# Building a buck pen.



## Maureen (Jul 6, 2012)

I picked a nice high spot in the horse pasture to ad in a buck pen. IF this ground would ever thaw we could start digging post holes!

I can only squeeze about 30' width wise out of this pen. We are thinking 30' x 75' (2250 square) for two Alpine bucks. They'll have a cozy "run-in" and something to climb on and we can always make it longer when we have the finances, and time, to do so. 

Does 30x75 seem to small to you? (Obviously, I'll be feeding hay year round)

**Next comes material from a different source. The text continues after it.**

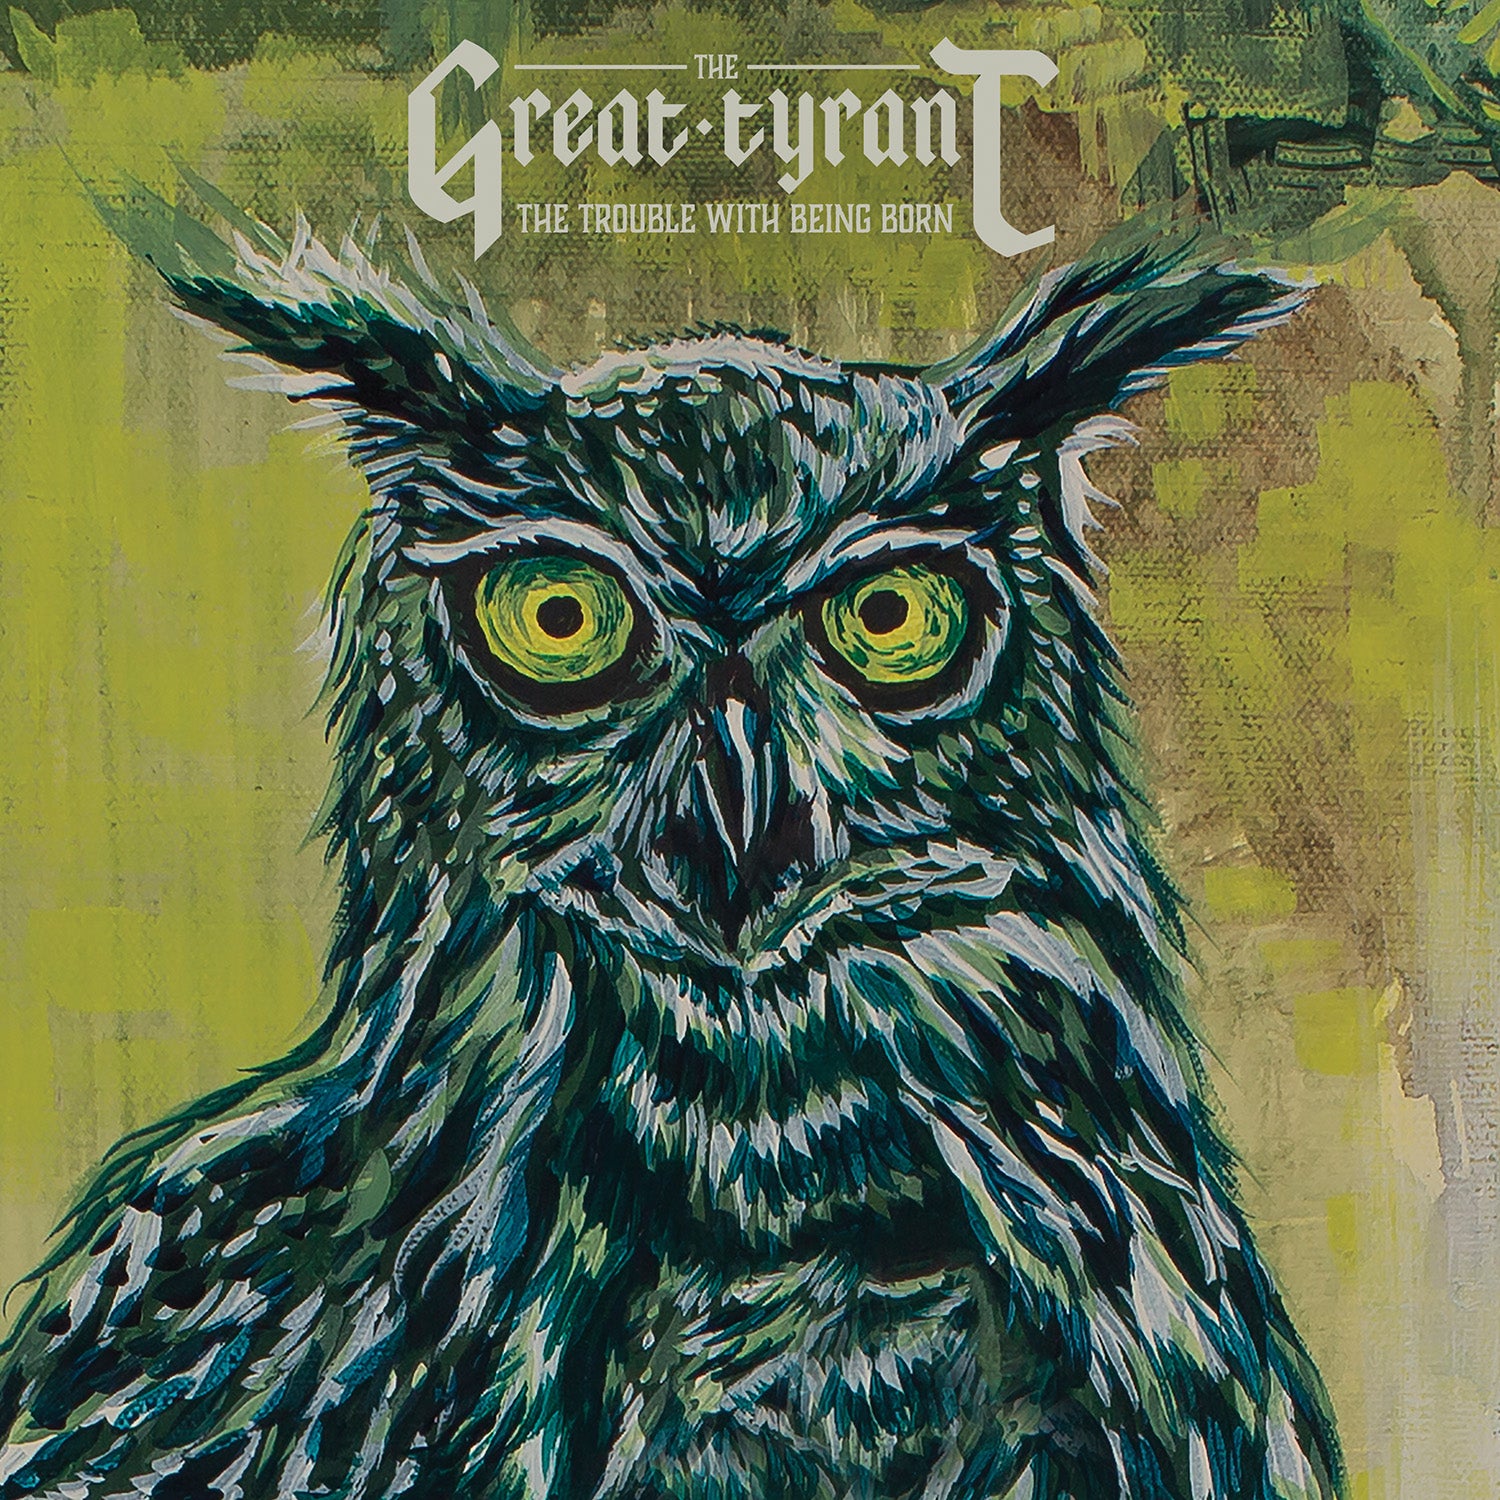 The Great Tyrant "The Trouble With Being Born" CD

What do you have for pens, size wise? 

Also, what size would you make their run-in? It gets COLD here so we are thinking to big and it would be a little chilly in the winter, two small and that could cause issues as well. Suggestion?


----------



## Maureen (Jul 6, 2012)

Anyone? 

How large does a "run in" have to be?


----------



## clearwtrbeach (May 10, 2012)

I would think 30x70 is fine if you're feeding, they have things to climb on and can expand later. That's what I did and Im expanding some more next month. My shelter, I have nigis though, is 8x10; they both sleep in there fine every night.


----------



## imthegrt1 (Jan 13, 2013)

Damn that's big. I got my does that are due in 16x16 pens and my buck I keep him in one too. All the rest run around the yard


----------



## summerdreamer71 (Jan 25, 2013)

I keep ALL my goats in a 20X30 pen. Right now the is 4 adults and 6 kids. 4 of the kids are leaving and 2 are staying. I'll have 6 goats. 2 bucks, a whether and 3 does. They have two barns and I have fencing separating the two pen so when the girls are in heat I can separate them... when they aren't I open the gate and the have full range. I clean the pen everyday and the barns once every week or so. It doesn't smell either. I let them out for about 3 hours or so everyday weather permitting. I plan on expanding eventually but, this is working for now  I plan on expanding the fence but no making another for the bucks. Just continuously half up the area. It works for me.


----------